DATA LISTING:
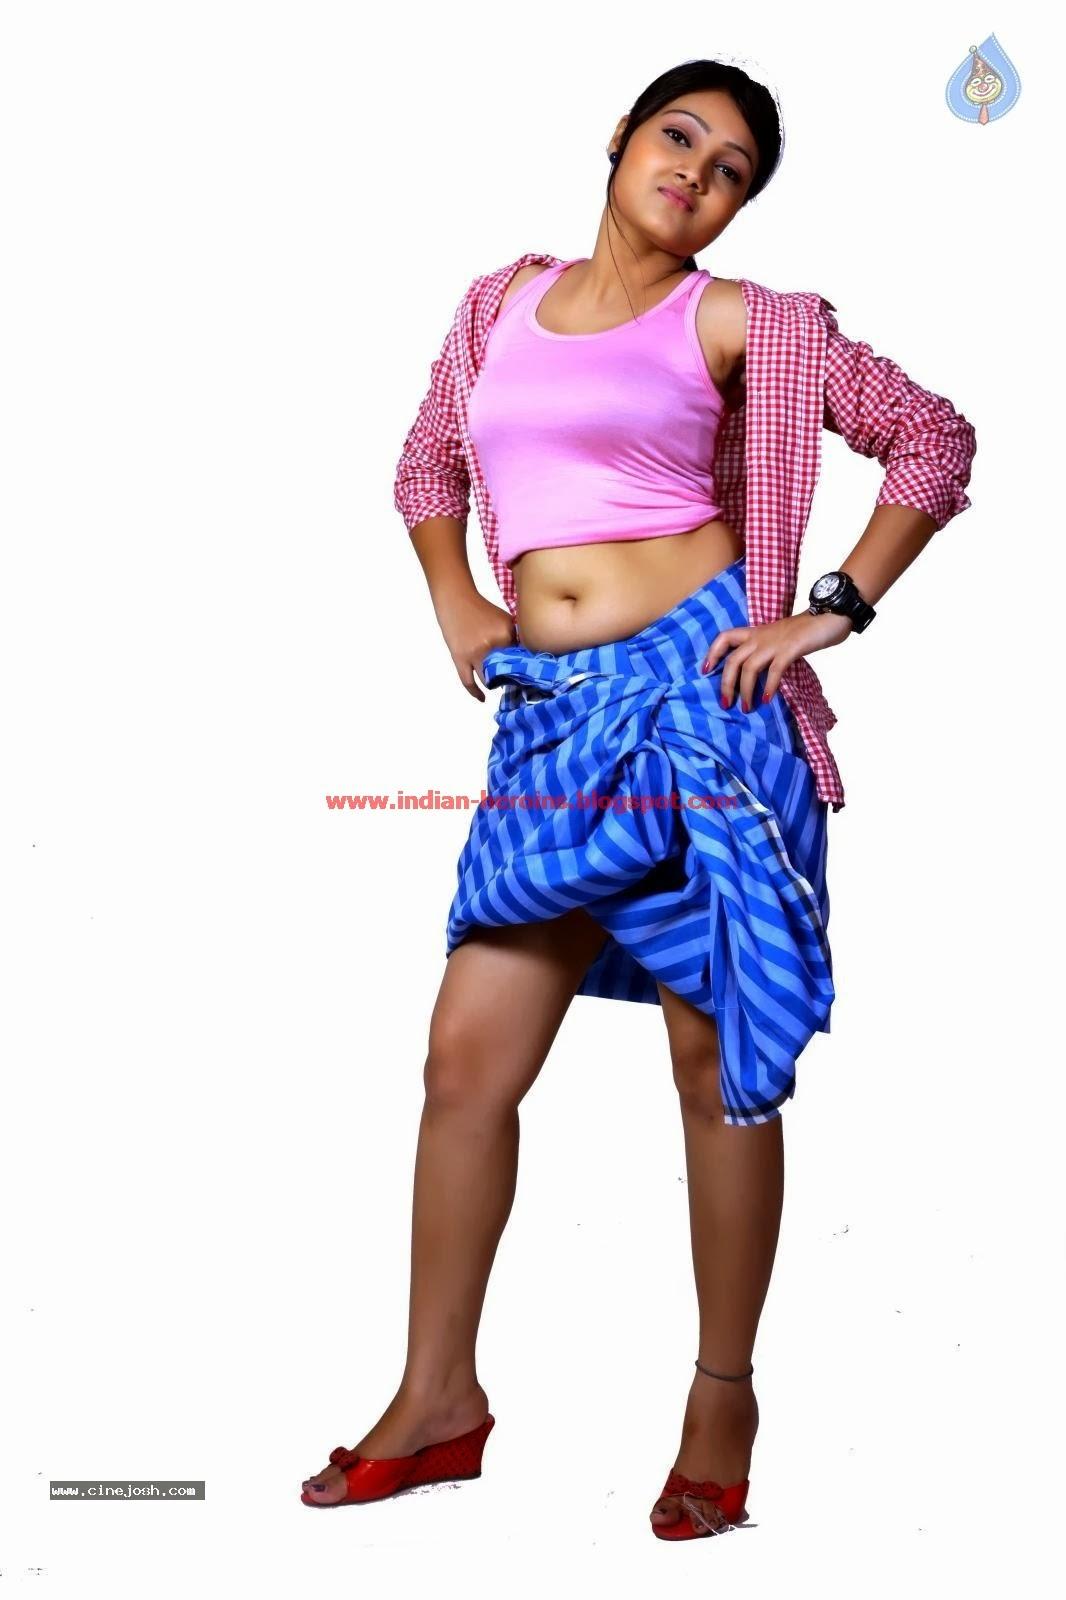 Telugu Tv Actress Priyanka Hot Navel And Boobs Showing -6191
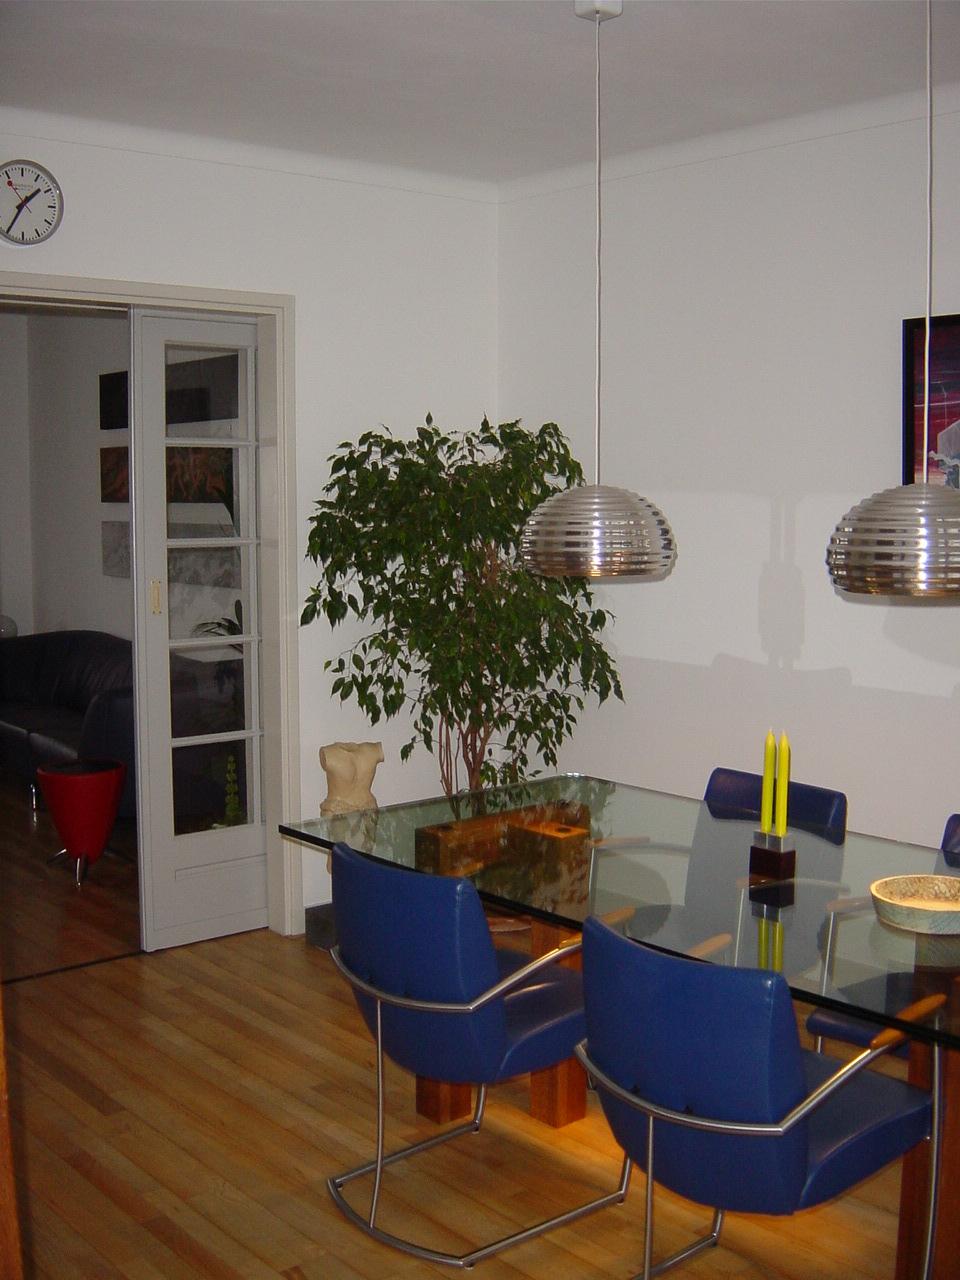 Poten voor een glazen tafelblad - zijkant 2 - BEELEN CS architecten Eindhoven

...

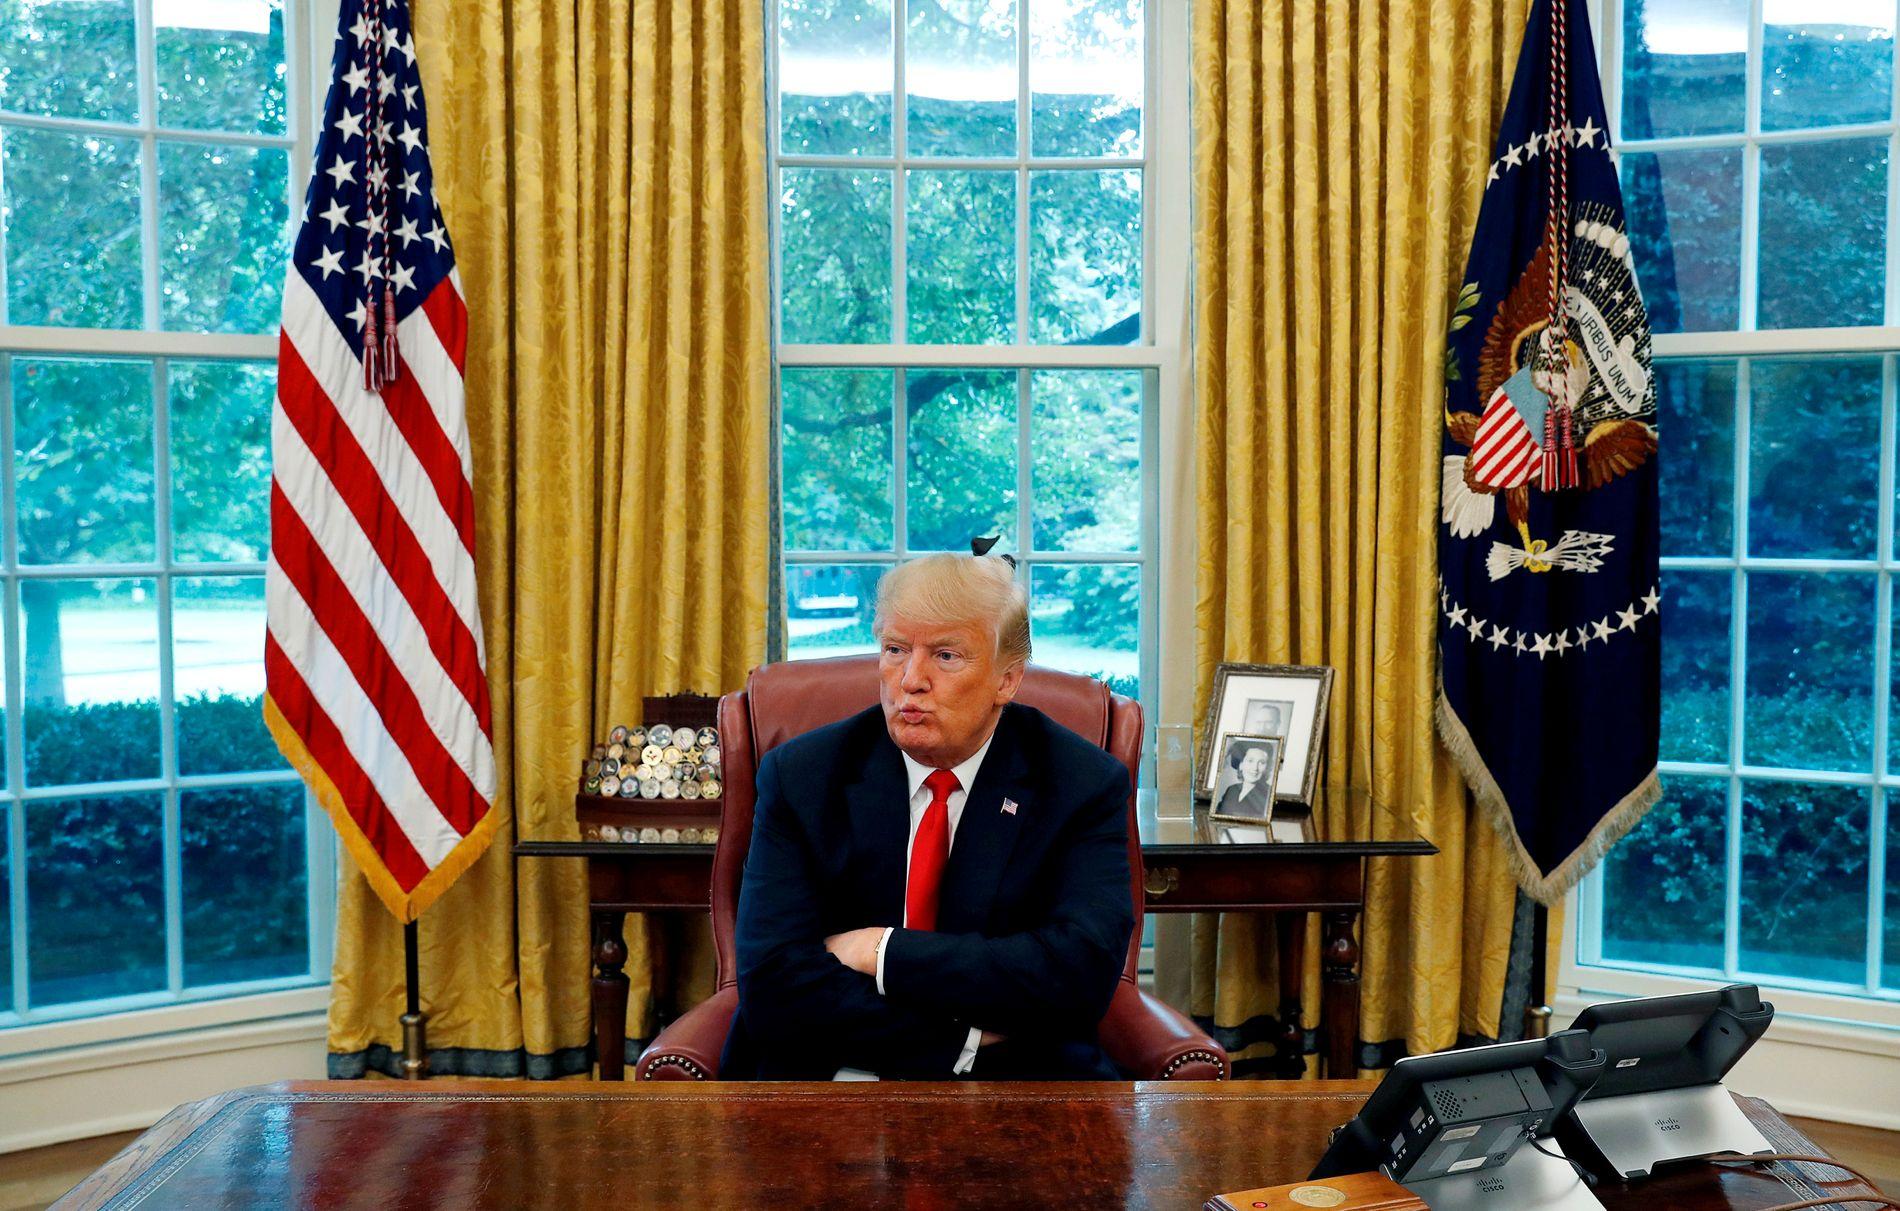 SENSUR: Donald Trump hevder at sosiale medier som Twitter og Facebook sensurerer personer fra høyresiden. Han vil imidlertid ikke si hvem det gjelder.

==

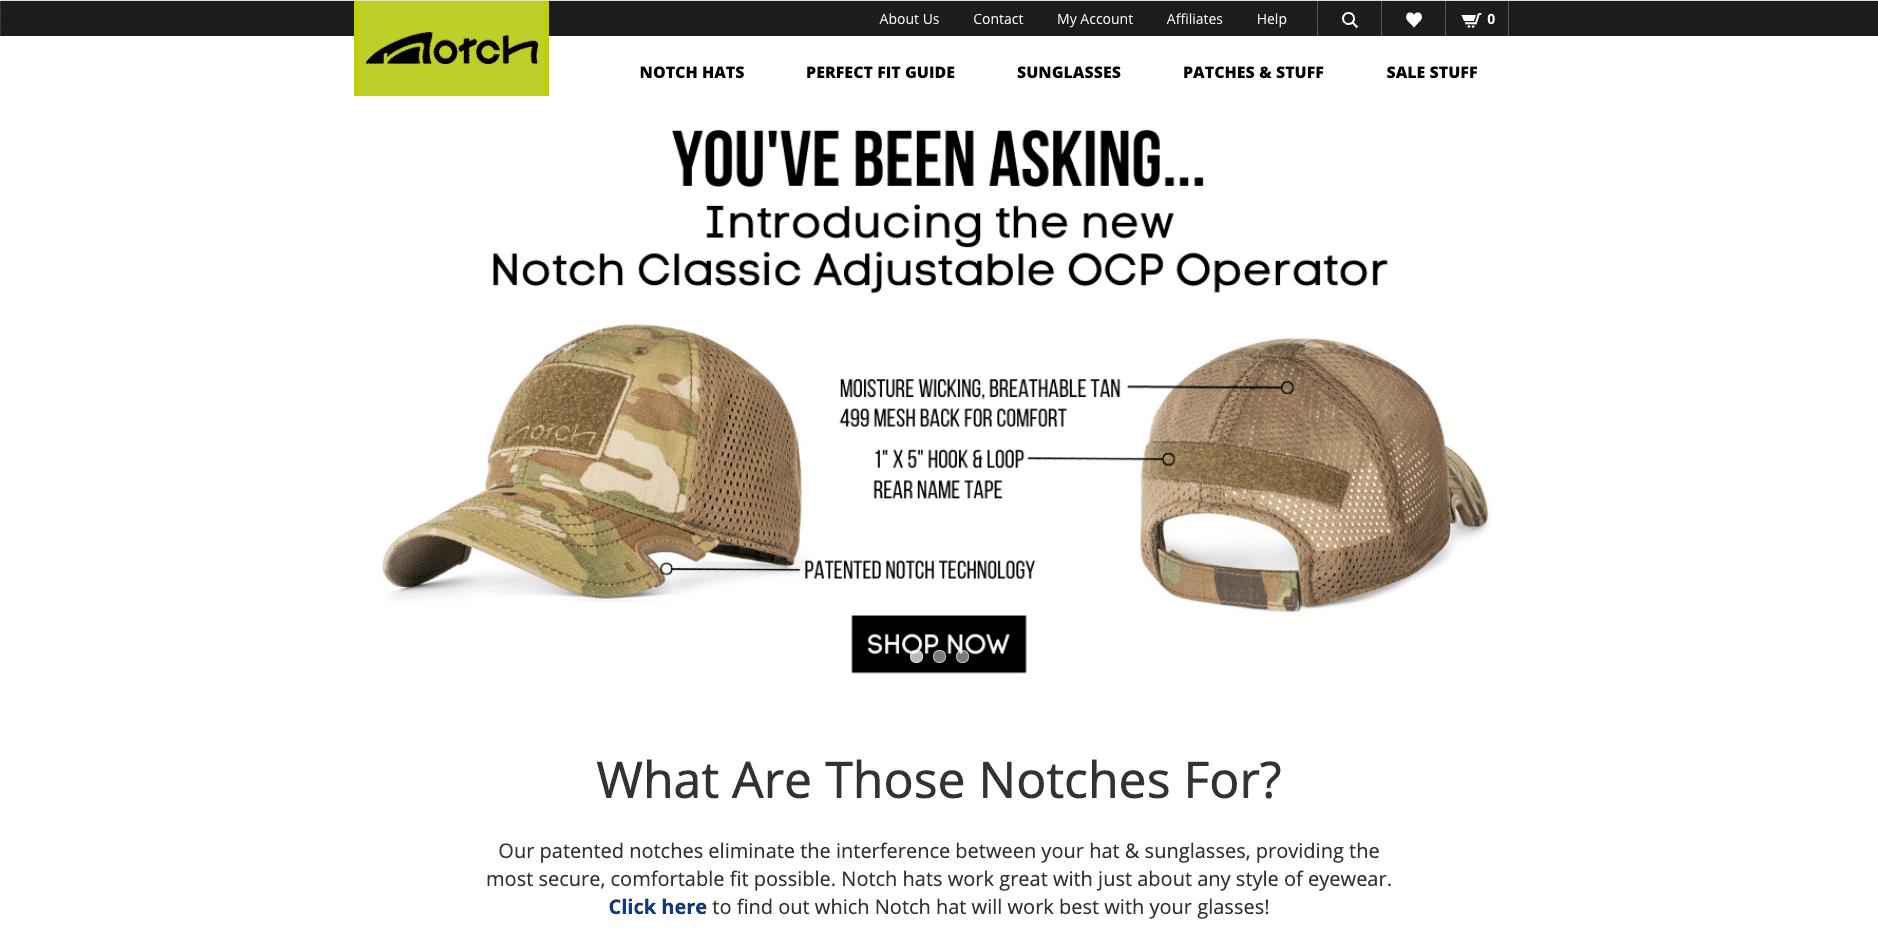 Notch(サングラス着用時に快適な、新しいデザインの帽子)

PROBLEM DETAILS:
When you reach the line with "Telugu Tv Actress" in the records above, begin repeating the lines exactly, and stop after the line with "Poten voor een". Skip all pictures.

RESULT OF THIS EXERCISE:
 Telugu Tv Actress Priyanka Hot Navel And Boobs Showing -6191
 Poten voor een glazen tafelblad - zijkant 2 - BEELEN CS architecten Eindhoven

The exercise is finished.